**Problem requirements**
Exactly the lines below from the line with "photographie d'une lune rousse" through the line with "WERELDKAART oude kaart" must make up the answer, both ends included and pictures left out.

**Source records**
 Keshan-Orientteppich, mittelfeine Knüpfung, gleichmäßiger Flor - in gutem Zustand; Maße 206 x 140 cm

--

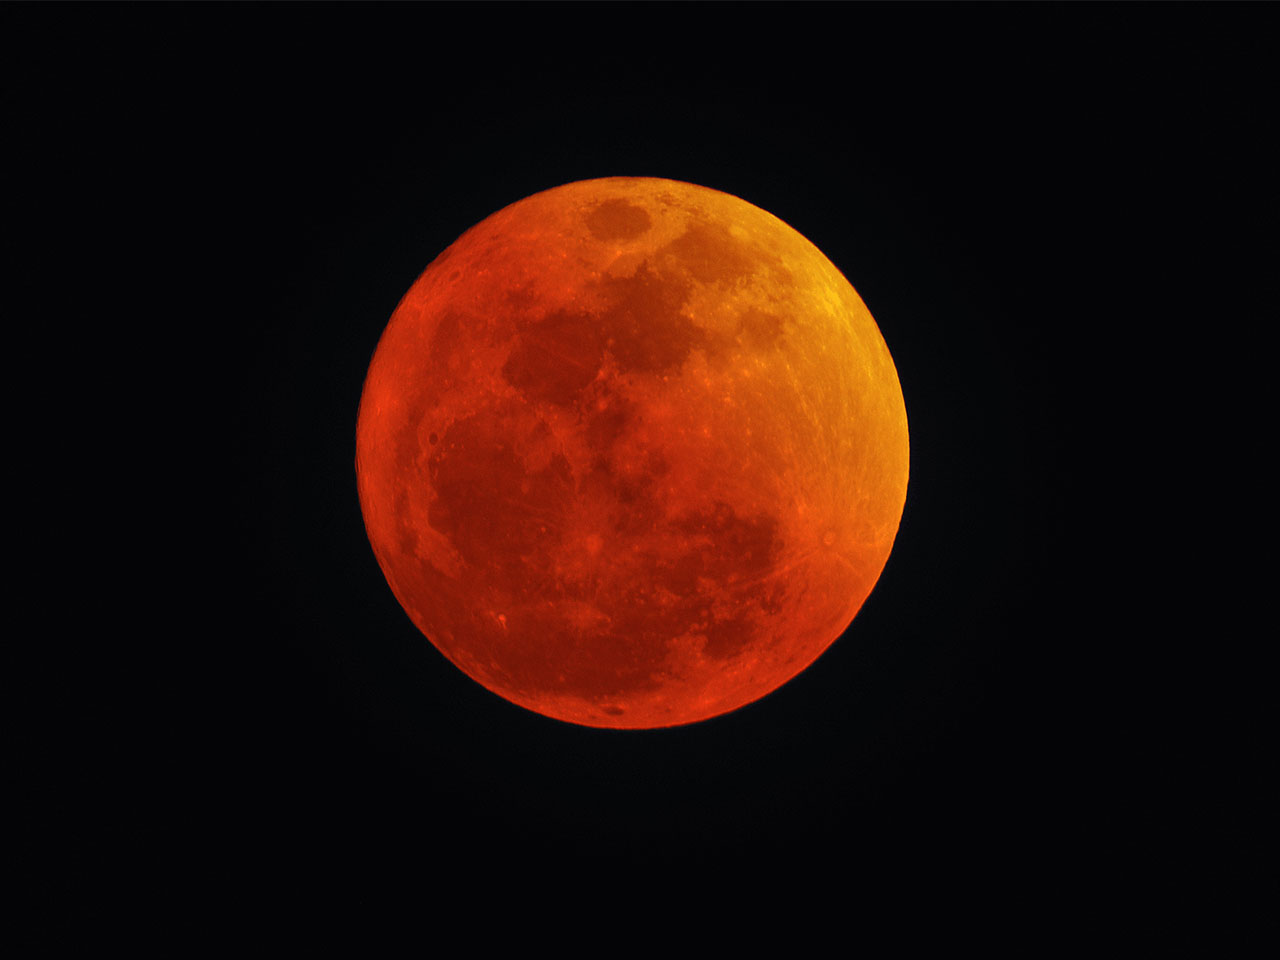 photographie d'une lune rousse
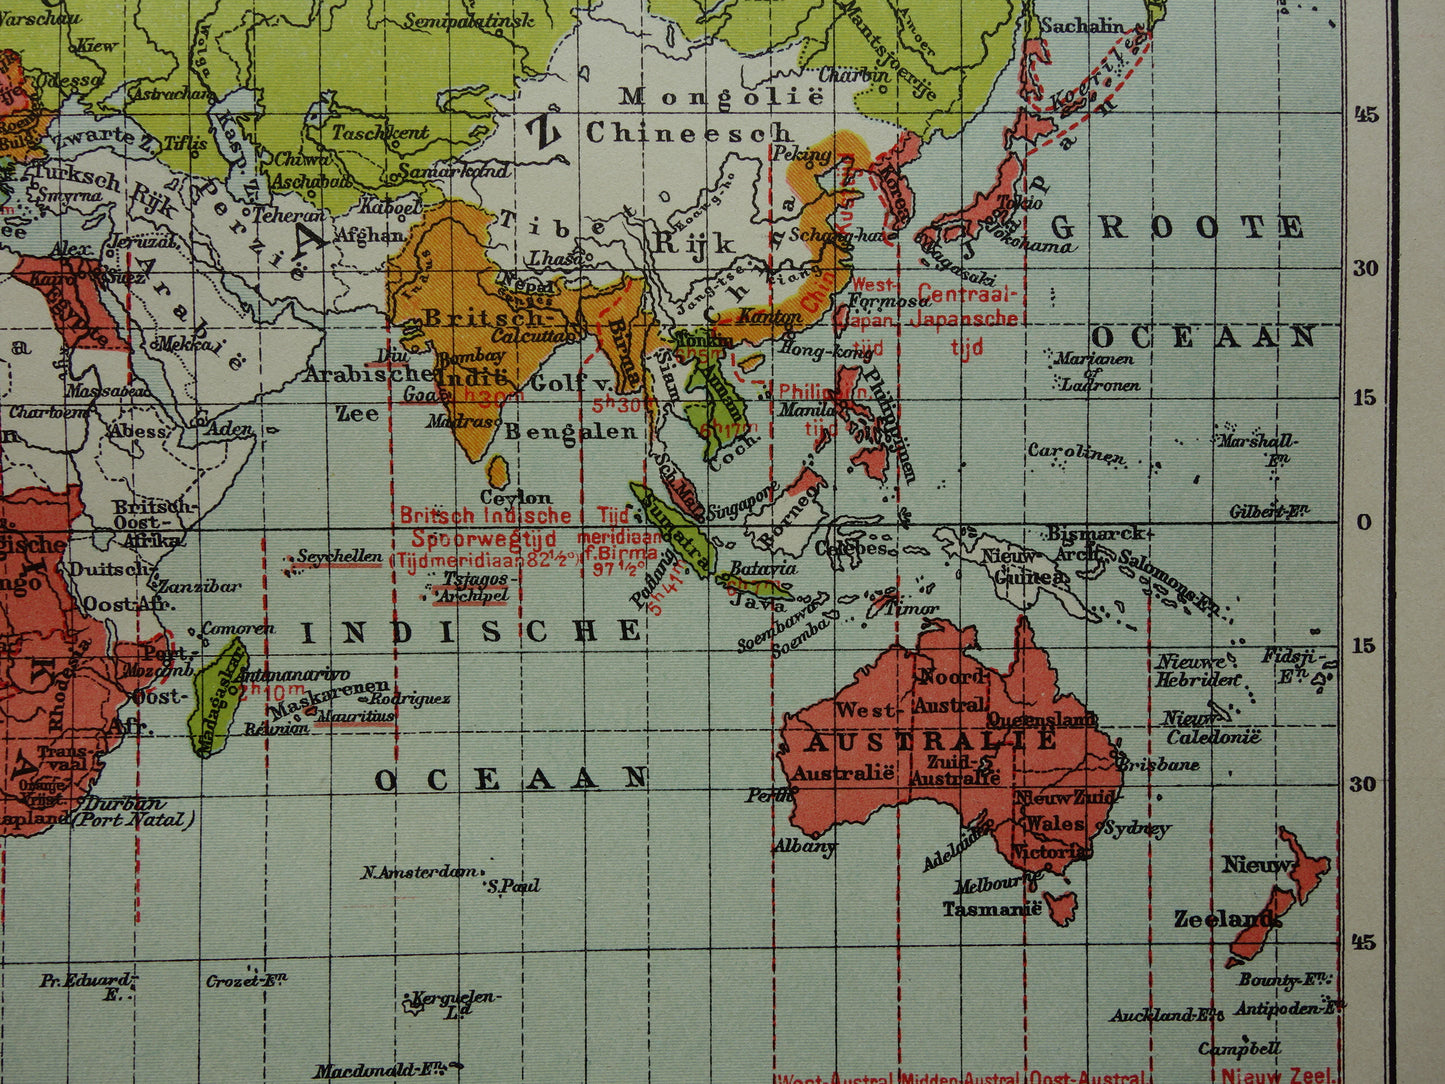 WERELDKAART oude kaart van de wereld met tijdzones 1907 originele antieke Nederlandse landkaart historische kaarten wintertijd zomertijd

**The answer**
 photographie d'une lune rousse
 WERELDKAART oude kaart van de wereld met tijdzones 1907 originele antieke Nederlandse landkaart historische kaarten wintertijd zomertijd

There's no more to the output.